_The task_:
A verbatim copy of all the data is required; the pictures should not appear in it.
Start of Given information
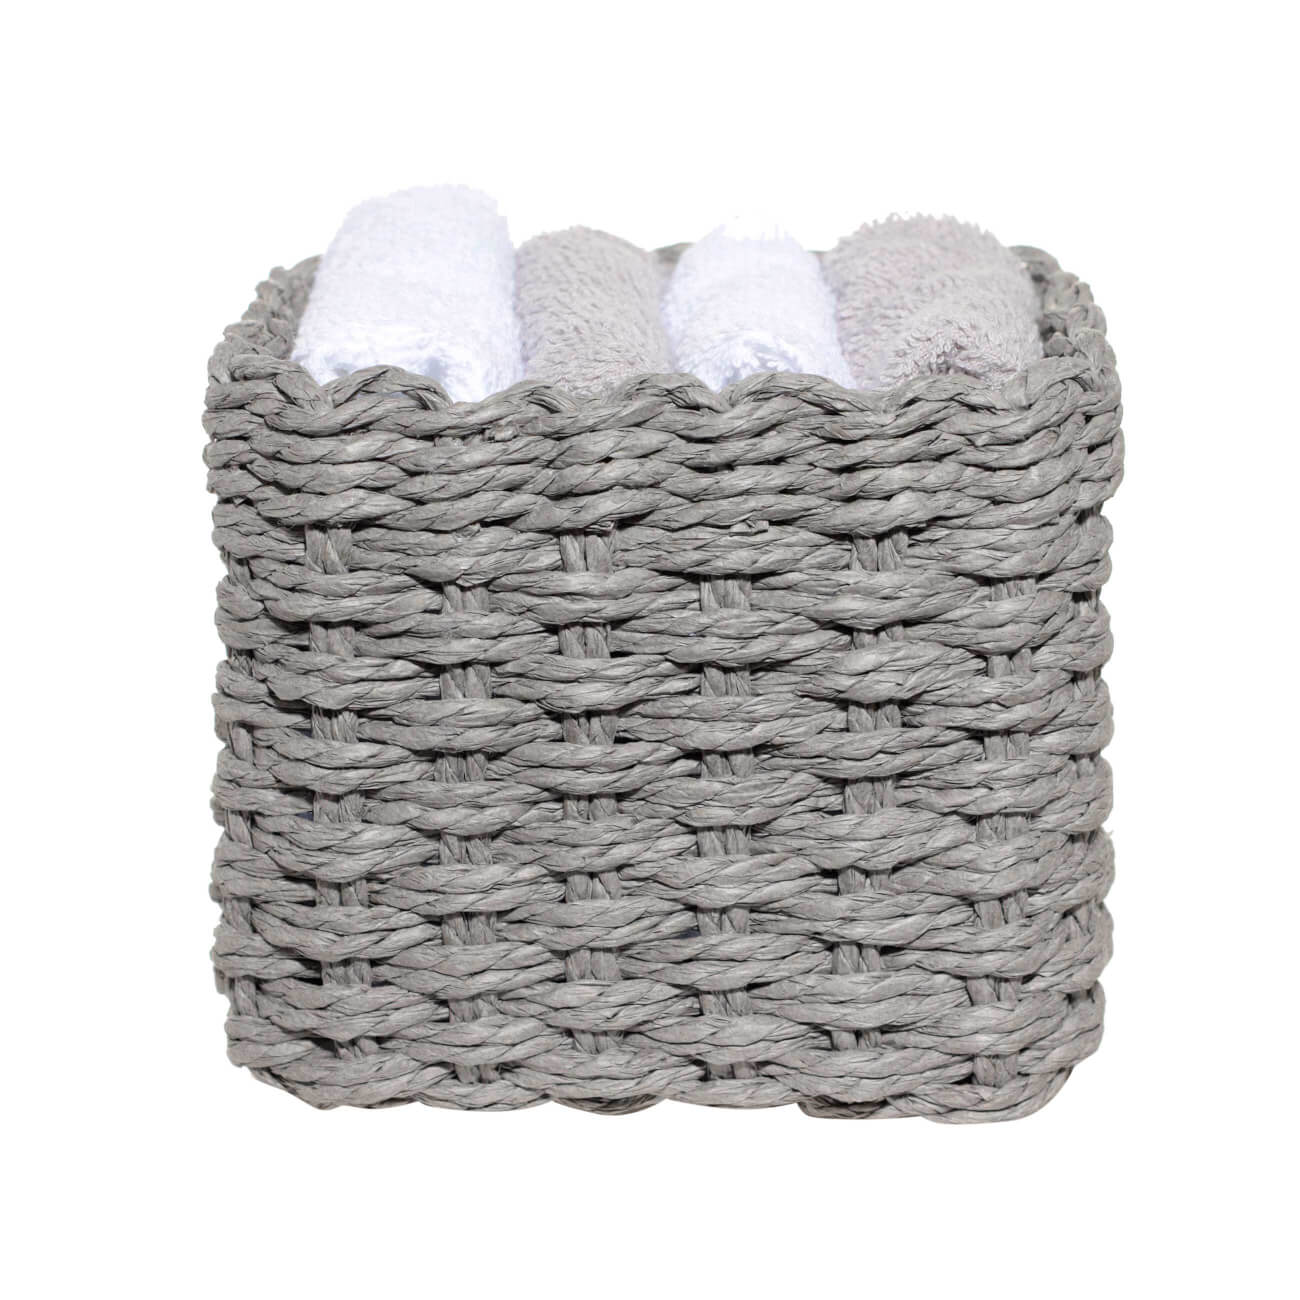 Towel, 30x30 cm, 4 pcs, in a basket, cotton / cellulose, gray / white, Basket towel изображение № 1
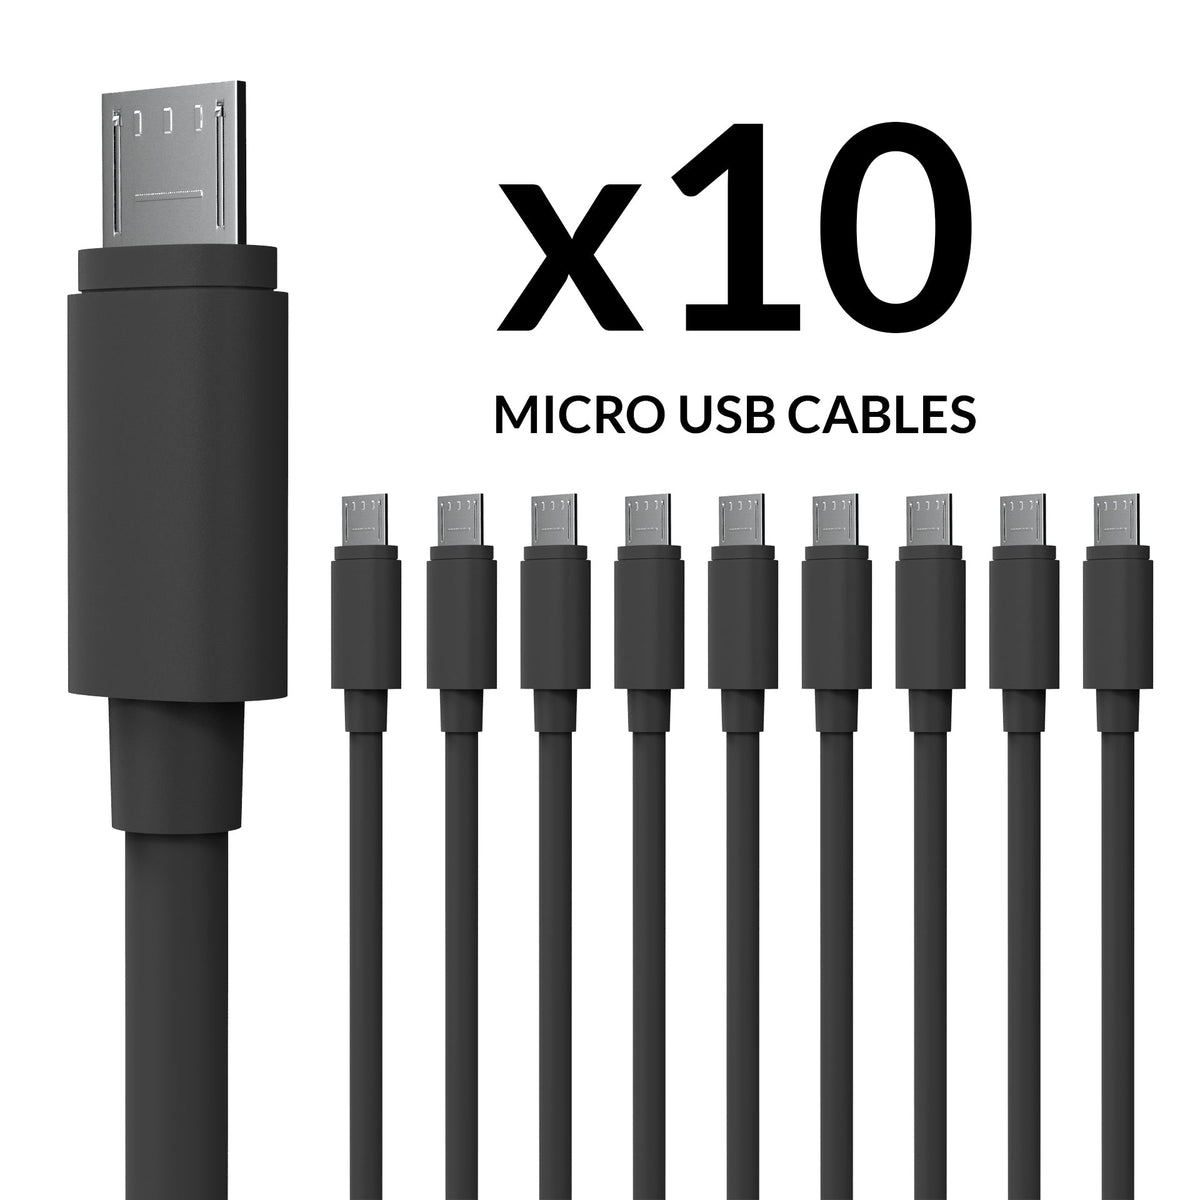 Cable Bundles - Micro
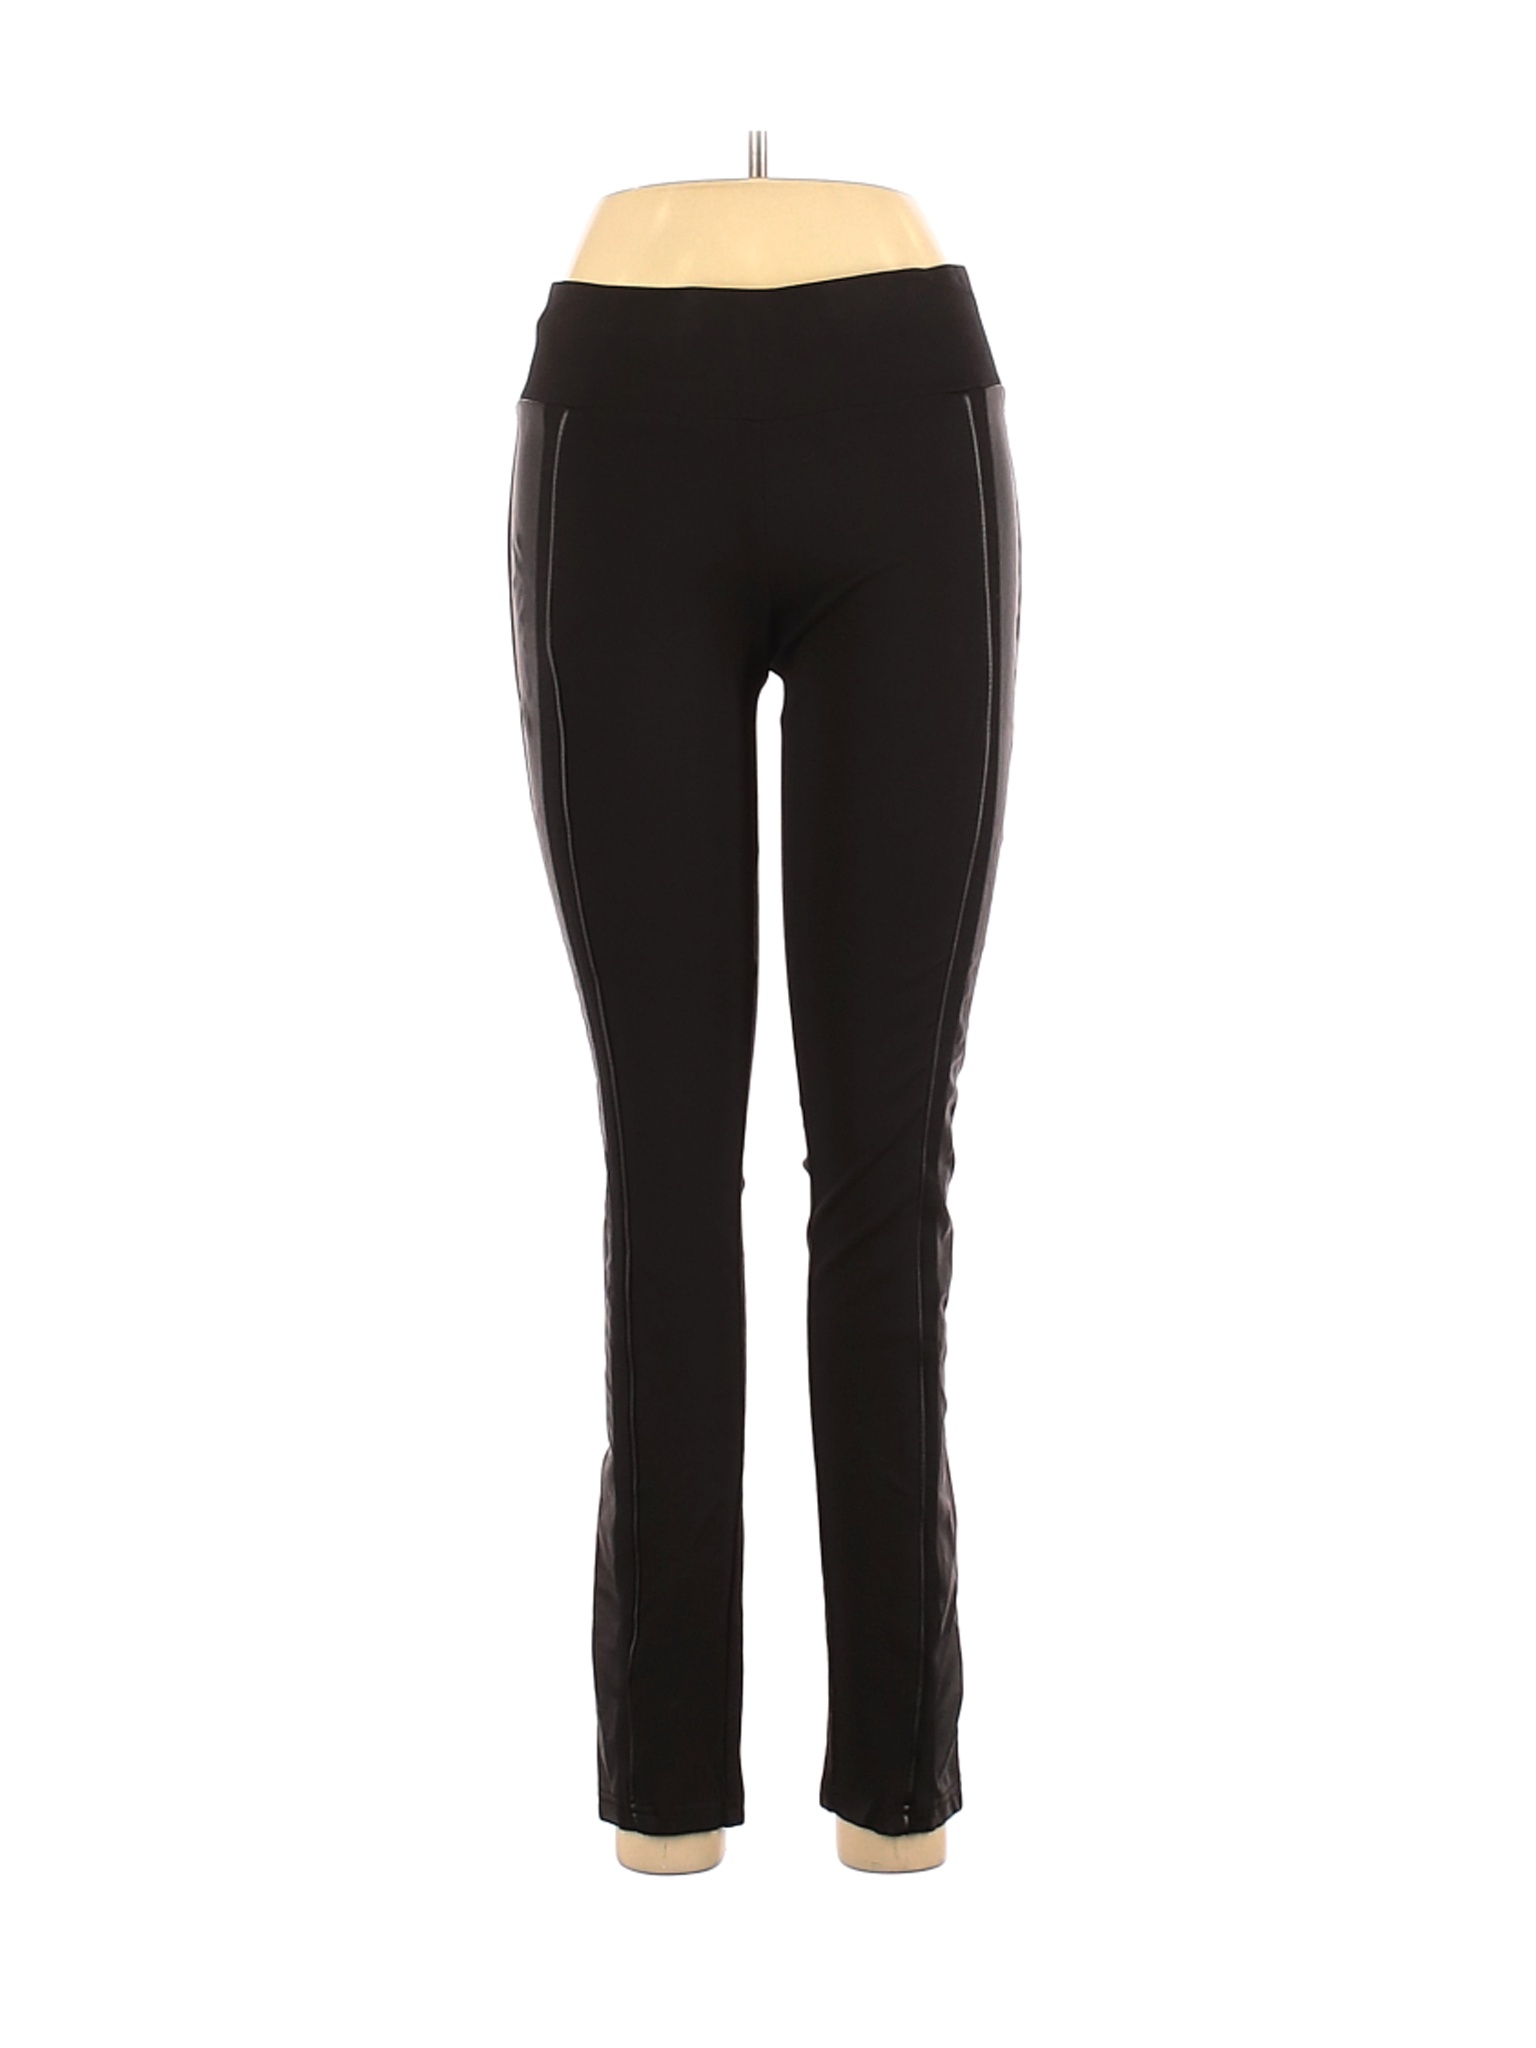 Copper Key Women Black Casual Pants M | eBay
End of Given information
_Solution_:
 Towel, 30x30 cm, 4 pcs, in a basket, cotton / cellulose, gray / white, Basket towel изображение № 1
 Cable Bundles - Micro
 Copper Key Women Black Casual Pants M | eBay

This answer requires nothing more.